▶ EXERCISE
For the records below, print the lines from the line with "DapuStor发布国产企业级PCIe4.0 DPU600芯片及NVMe Nida5固态硬盘" through the line with "Grey Giraffe Ornament (29cm x 38cm x 40cm)" exactly as written; include both end lines and exclude the rest.

[Records drawn from a dataset]
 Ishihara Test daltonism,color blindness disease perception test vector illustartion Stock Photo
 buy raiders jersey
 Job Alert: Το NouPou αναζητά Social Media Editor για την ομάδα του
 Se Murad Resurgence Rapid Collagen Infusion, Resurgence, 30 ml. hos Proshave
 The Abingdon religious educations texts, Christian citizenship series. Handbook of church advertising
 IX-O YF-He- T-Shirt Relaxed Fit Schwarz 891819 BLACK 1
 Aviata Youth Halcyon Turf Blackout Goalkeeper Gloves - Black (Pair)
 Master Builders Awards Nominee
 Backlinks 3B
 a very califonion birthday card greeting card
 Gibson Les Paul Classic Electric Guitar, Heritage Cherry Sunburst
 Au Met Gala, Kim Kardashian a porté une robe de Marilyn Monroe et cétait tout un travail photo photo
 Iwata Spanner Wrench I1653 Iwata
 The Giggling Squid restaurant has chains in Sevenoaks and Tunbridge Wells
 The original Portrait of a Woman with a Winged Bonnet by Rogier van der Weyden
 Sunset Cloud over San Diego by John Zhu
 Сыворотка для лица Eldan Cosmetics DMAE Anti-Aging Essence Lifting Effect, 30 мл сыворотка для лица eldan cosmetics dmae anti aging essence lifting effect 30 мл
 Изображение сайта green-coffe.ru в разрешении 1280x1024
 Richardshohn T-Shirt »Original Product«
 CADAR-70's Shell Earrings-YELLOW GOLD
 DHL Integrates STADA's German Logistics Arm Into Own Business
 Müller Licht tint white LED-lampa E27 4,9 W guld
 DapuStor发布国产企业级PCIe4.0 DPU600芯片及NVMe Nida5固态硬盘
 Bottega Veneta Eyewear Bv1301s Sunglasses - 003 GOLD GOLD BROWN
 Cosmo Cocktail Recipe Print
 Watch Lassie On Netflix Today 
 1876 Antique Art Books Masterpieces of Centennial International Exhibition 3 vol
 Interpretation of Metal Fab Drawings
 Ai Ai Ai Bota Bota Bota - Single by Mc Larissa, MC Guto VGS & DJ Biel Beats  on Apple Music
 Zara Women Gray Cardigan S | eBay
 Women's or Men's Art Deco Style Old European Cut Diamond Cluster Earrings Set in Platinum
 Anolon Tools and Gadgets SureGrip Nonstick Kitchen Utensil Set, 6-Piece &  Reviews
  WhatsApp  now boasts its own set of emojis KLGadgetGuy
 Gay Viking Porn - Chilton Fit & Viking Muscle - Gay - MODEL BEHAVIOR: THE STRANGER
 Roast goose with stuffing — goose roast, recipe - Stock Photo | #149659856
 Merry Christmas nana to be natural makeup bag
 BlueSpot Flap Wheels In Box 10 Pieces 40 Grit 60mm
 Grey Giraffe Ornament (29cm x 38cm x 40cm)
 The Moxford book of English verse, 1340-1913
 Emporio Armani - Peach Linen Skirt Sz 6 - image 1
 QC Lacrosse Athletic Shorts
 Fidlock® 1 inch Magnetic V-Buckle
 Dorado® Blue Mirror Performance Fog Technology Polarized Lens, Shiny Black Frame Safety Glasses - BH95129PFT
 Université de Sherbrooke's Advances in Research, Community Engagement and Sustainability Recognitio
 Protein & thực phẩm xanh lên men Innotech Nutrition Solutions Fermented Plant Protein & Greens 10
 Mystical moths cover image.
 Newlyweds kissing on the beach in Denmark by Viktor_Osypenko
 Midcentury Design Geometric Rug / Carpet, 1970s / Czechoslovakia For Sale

▶ EXERCISE OUTPUT
 DapuStor发布国产企业级PCIe4.0 DPU600芯片及NVMe Nida5固态硬盘
 Bottega Veneta Eyewear Bv1301s Sunglasses - 003 GOLD GOLD BROWN
 Cosmo Cocktail Recipe Print
 Watch Lassie On Netflix Today 
 1876 Antique Art Books Masterpieces of Centennial International Exhibition 3 vol
 Interpretation of Metal Fab Drawings
 Ai Ai Ai Bota Bota Bota - Single by Mc Larissa, MC Guto VGS & DJ Biel Beats  on Apple Music
 Zara Women Gray Cardigan S | eBay
 Women's or Men's Art Deco Style Old European Cut Diamond Cluster Earrings Set in Platinum
 Anolon Tools and Gadgets SureGrip Nonstick Kitchen Utensil Set, 6-Piece &  Reviews
  WhatsApp  now boasts its own set of emojis KLGadgetGuy
 Gay Viking Porn - Chilton Fit & Viking Muscle - Gay - MODEL BEHAVIOR: THE STRANGER
 Roast goose with stuffing — goose roast, recipe - Stock Photo | #149659856
 Merry Christmas nana to be natural makeup bag
 BlueSpot Flap Wheels In Box 10 Pieces 40 Grit 60mm
 Grey Giraffe Ornament (29cm x 38cm x 40cm)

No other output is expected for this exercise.